MATERIAL PROVIDED >>
....

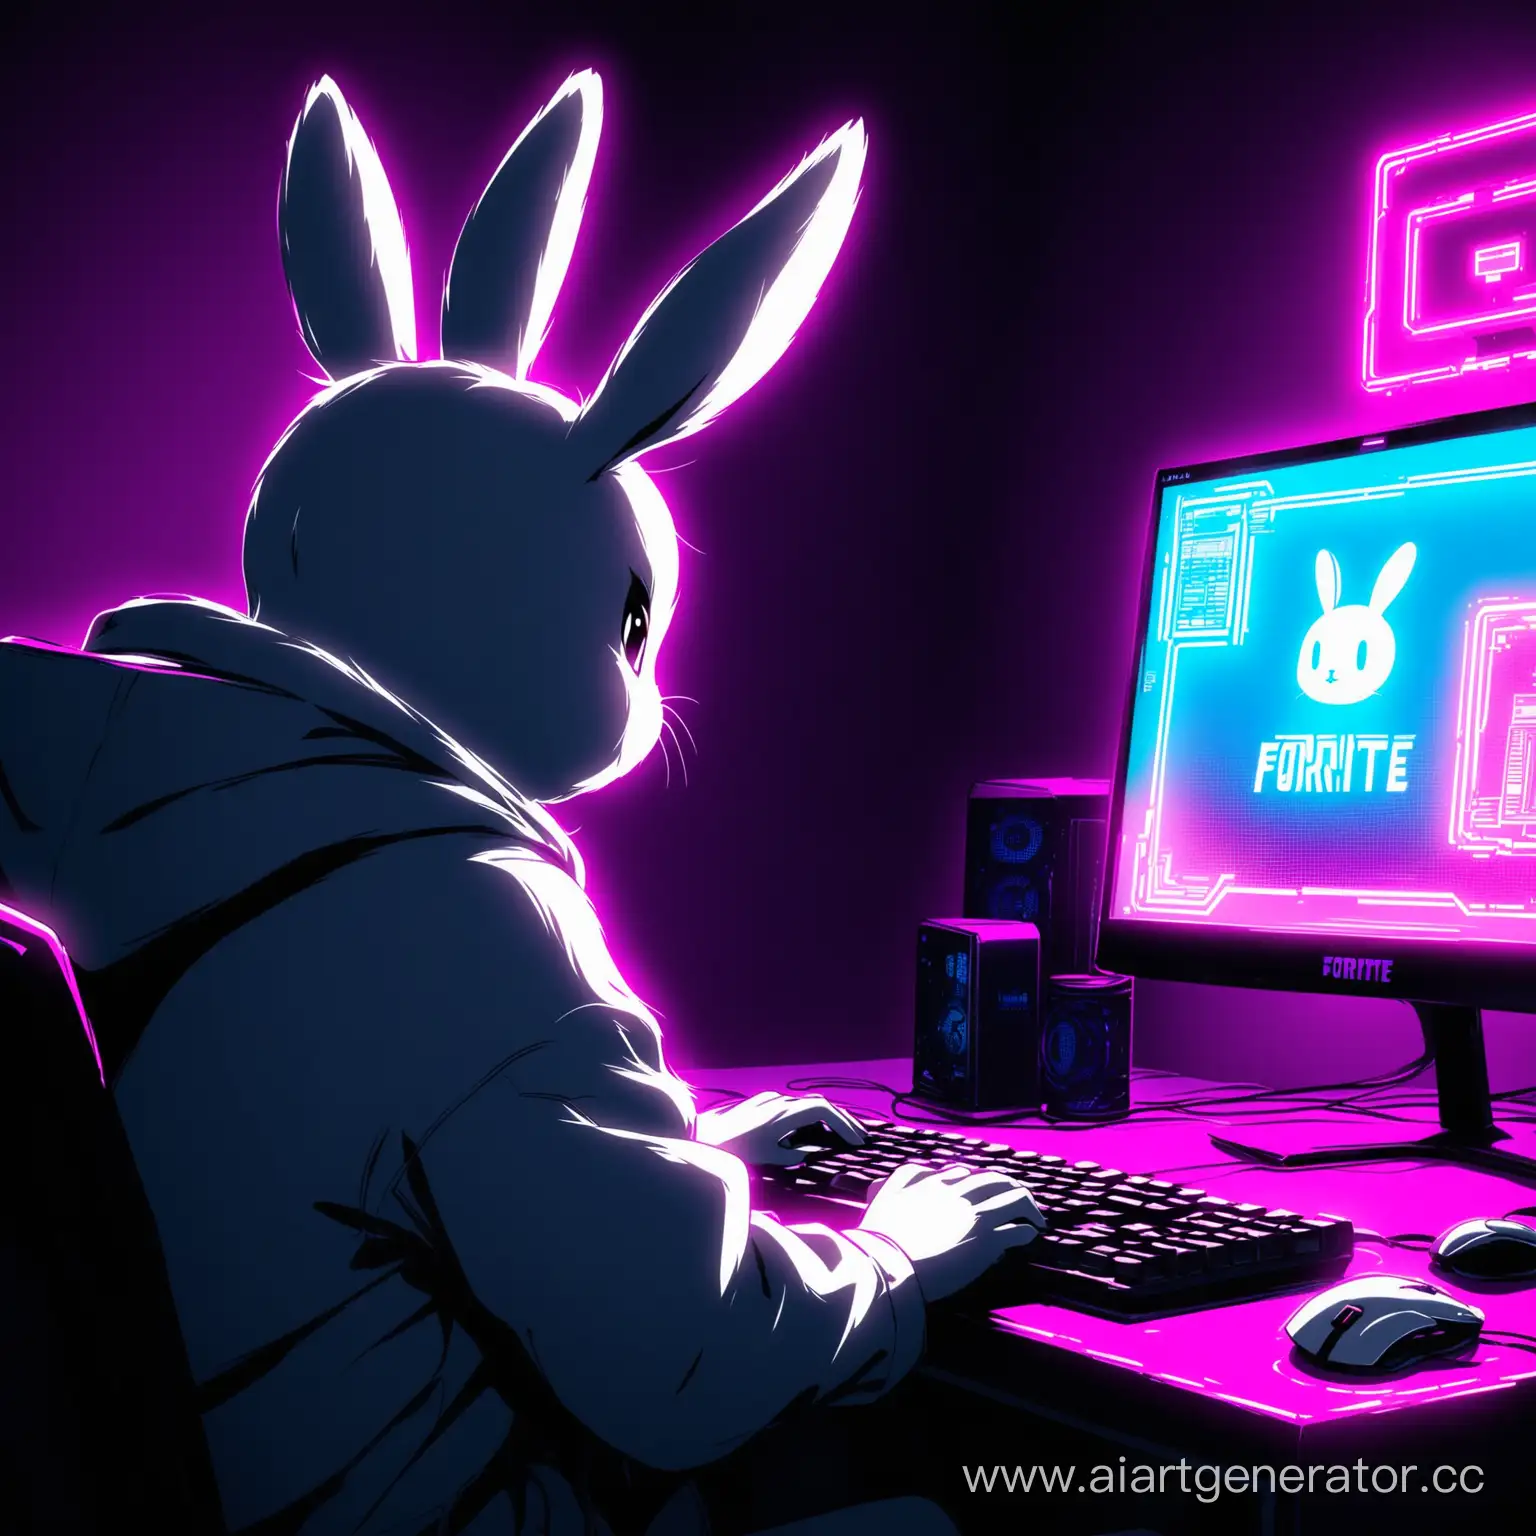 кролик черно-белый сидит за компьютером и играет в fortite зади него неоновая подсветка
 
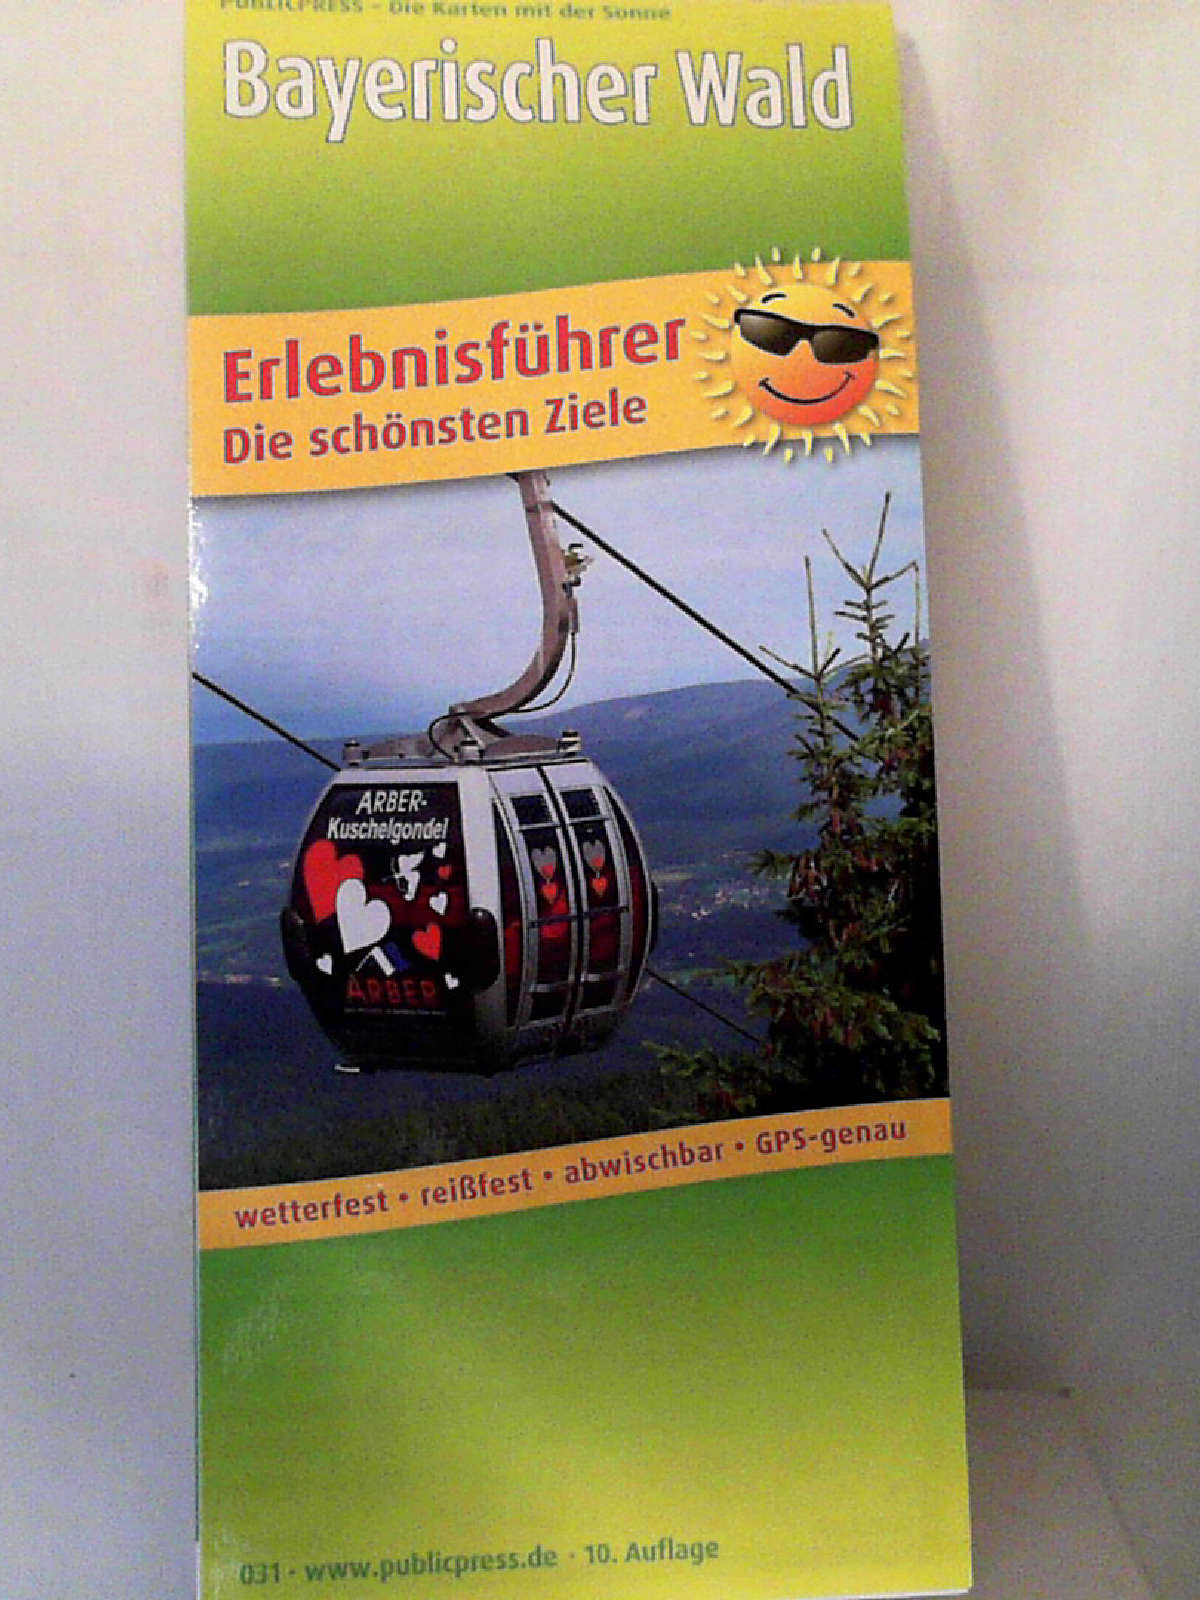 Bayerischer Wald: Erlebnisführer, Freizeitkarte mit Informationen zu Freizeiteinrichtungen auf der Kartenrückseite, wetterfest, reißfest, abwischbar, GPS-genau. 1:160000 (Erlebnisführer / EF)
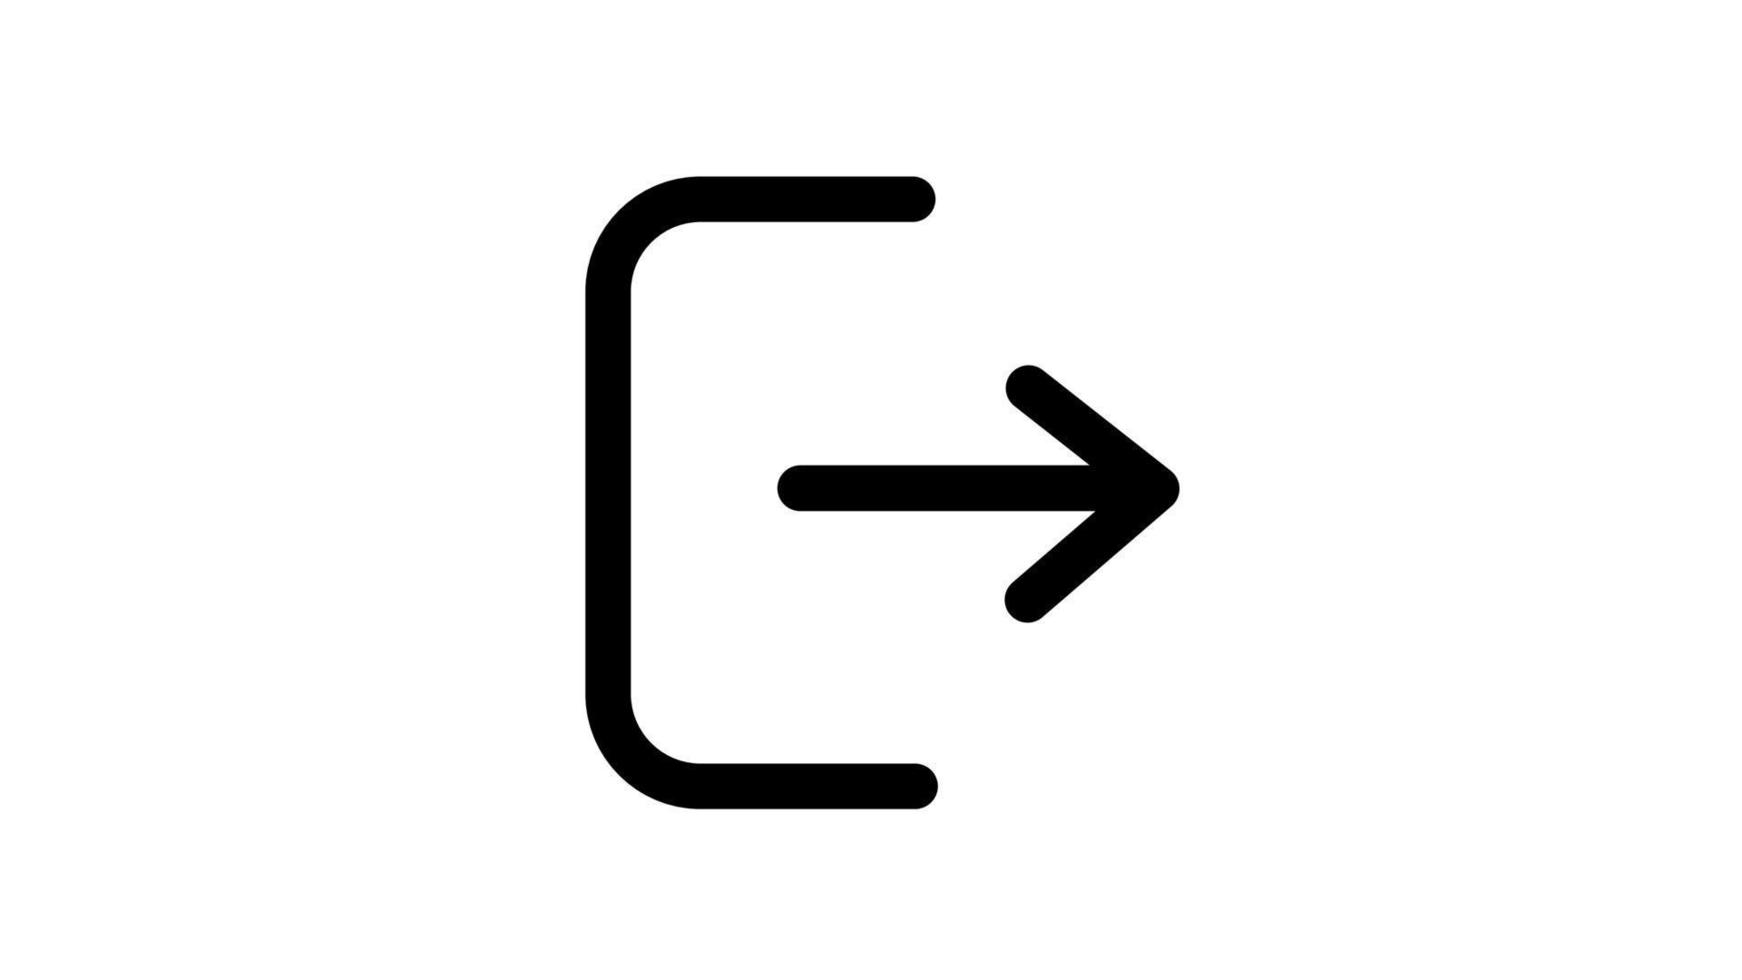 icona del vettore di disconnessione. esci dal vettore in stile piatto alla moda. icona mobile web piatta, segno, simbolo, pulsante, elemento - illustrazione vettoriale.

....

Leave every picture out and set down exactly the lines running from the one with "Bayerischer Wald: Erlebnisführer, Freizeitkarte" to the last line of the material above.

OUTPUT FOR THIS TASK >>
 Bayerischer Wald: Erlebnisführer, Freizeitkarte mit Informationen zu Freizeiteinrichtungen auf der Kartenrückseite, wetterfest, reißfest, abwischbar, GPS-genau. 1:160000 (Erlebnisführer / EF)
 icona del vettore di disconnessione. esci dal vettore in stile piatto alla moda. icona mobile web piatta, segno, simbolo, pulsante, elemento - illustrazione vettoriale.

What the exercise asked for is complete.